• **TASK DESCRIPTION**: Which lines of the entries contain the word "Wireless"? Please list them.

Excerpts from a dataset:
----------

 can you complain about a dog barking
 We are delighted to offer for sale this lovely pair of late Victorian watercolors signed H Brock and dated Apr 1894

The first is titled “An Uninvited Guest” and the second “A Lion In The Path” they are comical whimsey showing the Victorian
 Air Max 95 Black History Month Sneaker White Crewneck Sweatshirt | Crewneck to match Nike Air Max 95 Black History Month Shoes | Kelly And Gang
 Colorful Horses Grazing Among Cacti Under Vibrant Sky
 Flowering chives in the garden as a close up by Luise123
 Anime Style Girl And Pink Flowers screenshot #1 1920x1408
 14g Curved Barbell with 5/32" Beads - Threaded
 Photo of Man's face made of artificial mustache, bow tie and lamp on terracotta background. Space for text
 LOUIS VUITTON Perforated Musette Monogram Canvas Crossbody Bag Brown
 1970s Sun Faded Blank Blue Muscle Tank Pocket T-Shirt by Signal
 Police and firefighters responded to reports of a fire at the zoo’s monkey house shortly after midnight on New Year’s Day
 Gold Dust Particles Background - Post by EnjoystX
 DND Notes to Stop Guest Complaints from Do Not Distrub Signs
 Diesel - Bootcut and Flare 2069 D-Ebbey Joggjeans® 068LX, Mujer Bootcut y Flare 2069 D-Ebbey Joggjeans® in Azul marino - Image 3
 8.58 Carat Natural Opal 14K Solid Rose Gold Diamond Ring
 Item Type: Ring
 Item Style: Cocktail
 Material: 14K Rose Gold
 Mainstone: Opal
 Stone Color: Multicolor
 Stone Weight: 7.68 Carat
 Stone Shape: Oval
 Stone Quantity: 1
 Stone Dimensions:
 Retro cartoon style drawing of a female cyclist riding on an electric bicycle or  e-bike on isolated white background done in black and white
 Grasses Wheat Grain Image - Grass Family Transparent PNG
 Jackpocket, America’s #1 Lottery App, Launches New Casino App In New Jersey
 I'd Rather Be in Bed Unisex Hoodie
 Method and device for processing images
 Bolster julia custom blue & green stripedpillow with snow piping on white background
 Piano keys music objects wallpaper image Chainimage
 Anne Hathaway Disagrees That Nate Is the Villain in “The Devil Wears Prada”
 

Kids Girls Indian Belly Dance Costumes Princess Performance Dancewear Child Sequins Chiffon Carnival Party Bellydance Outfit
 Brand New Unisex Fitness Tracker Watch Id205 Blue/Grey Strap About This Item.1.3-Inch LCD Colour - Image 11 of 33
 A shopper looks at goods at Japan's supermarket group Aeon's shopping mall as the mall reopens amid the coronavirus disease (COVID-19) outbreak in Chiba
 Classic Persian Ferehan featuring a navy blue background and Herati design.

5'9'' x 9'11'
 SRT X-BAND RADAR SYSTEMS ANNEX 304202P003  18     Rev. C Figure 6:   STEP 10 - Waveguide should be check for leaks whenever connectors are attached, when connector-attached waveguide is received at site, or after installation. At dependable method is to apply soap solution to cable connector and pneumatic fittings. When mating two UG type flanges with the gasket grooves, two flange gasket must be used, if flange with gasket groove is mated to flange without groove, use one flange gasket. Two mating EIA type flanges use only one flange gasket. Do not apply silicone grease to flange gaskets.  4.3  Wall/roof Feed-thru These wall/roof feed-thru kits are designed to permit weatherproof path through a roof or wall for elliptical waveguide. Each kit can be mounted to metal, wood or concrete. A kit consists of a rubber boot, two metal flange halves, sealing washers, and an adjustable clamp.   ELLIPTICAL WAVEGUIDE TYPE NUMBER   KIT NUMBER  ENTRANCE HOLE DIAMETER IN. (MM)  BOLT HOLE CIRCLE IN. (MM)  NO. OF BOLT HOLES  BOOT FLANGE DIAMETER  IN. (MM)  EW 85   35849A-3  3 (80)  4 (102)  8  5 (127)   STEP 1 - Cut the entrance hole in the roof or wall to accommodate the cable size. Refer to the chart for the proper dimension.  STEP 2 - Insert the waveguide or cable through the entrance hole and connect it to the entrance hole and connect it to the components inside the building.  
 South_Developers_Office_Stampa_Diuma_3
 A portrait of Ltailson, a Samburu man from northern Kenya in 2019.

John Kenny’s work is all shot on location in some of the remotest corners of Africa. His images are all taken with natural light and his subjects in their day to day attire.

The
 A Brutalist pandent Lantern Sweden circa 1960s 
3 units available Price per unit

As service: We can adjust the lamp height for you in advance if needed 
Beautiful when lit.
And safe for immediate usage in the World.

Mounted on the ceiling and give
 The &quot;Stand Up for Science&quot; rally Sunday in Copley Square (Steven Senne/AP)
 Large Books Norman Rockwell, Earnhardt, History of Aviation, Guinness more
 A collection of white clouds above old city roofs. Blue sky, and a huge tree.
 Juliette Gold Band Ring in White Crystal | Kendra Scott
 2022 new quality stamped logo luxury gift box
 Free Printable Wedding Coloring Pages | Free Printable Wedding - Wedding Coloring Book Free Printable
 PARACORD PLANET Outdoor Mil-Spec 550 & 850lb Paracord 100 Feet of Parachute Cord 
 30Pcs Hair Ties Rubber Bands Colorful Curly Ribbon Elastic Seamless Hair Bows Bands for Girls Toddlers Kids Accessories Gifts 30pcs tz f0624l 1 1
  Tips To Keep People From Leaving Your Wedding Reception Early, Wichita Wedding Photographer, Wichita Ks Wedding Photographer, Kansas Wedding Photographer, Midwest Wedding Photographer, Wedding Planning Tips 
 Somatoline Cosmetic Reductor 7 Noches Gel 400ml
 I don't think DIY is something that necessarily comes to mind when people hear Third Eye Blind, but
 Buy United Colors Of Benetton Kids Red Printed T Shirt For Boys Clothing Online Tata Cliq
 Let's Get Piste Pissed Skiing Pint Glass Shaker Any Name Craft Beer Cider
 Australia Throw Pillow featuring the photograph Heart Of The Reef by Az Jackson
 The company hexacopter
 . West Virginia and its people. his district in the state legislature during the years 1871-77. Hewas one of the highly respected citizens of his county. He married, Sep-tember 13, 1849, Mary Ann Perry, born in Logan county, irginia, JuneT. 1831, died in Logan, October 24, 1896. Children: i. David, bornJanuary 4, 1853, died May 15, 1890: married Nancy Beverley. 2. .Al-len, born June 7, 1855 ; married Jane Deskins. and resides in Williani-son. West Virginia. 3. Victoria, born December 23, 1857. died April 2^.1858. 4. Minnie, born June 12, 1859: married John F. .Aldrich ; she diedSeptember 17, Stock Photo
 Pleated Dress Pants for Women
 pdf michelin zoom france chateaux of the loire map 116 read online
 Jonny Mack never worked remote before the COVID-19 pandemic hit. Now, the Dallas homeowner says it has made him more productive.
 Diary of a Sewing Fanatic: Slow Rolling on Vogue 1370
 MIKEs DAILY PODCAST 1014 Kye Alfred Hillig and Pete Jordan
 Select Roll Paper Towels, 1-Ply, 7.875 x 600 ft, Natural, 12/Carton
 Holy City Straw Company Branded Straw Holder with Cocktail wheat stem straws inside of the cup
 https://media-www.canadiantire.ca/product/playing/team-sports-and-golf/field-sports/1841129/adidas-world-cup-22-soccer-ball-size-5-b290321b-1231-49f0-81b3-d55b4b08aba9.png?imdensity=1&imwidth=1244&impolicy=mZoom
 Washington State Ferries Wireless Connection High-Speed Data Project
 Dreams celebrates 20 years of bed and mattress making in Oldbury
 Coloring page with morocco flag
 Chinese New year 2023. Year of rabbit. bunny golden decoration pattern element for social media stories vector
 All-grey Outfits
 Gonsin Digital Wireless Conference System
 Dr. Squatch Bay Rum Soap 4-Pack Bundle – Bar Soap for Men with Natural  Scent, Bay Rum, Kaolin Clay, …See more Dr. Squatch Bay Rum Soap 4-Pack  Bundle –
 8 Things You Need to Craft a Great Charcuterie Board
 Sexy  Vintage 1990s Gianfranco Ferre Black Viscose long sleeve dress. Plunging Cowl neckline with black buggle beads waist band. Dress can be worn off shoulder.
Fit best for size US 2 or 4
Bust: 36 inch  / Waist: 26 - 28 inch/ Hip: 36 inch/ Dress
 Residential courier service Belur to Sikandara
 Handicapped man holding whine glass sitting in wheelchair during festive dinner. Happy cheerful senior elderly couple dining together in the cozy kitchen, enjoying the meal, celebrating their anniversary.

----------

• **EXPECTED ANSWER**:
 Washington State Ferries Wireless Connection High-Speed Data Project
 Gonsin Digital Wireless Conference System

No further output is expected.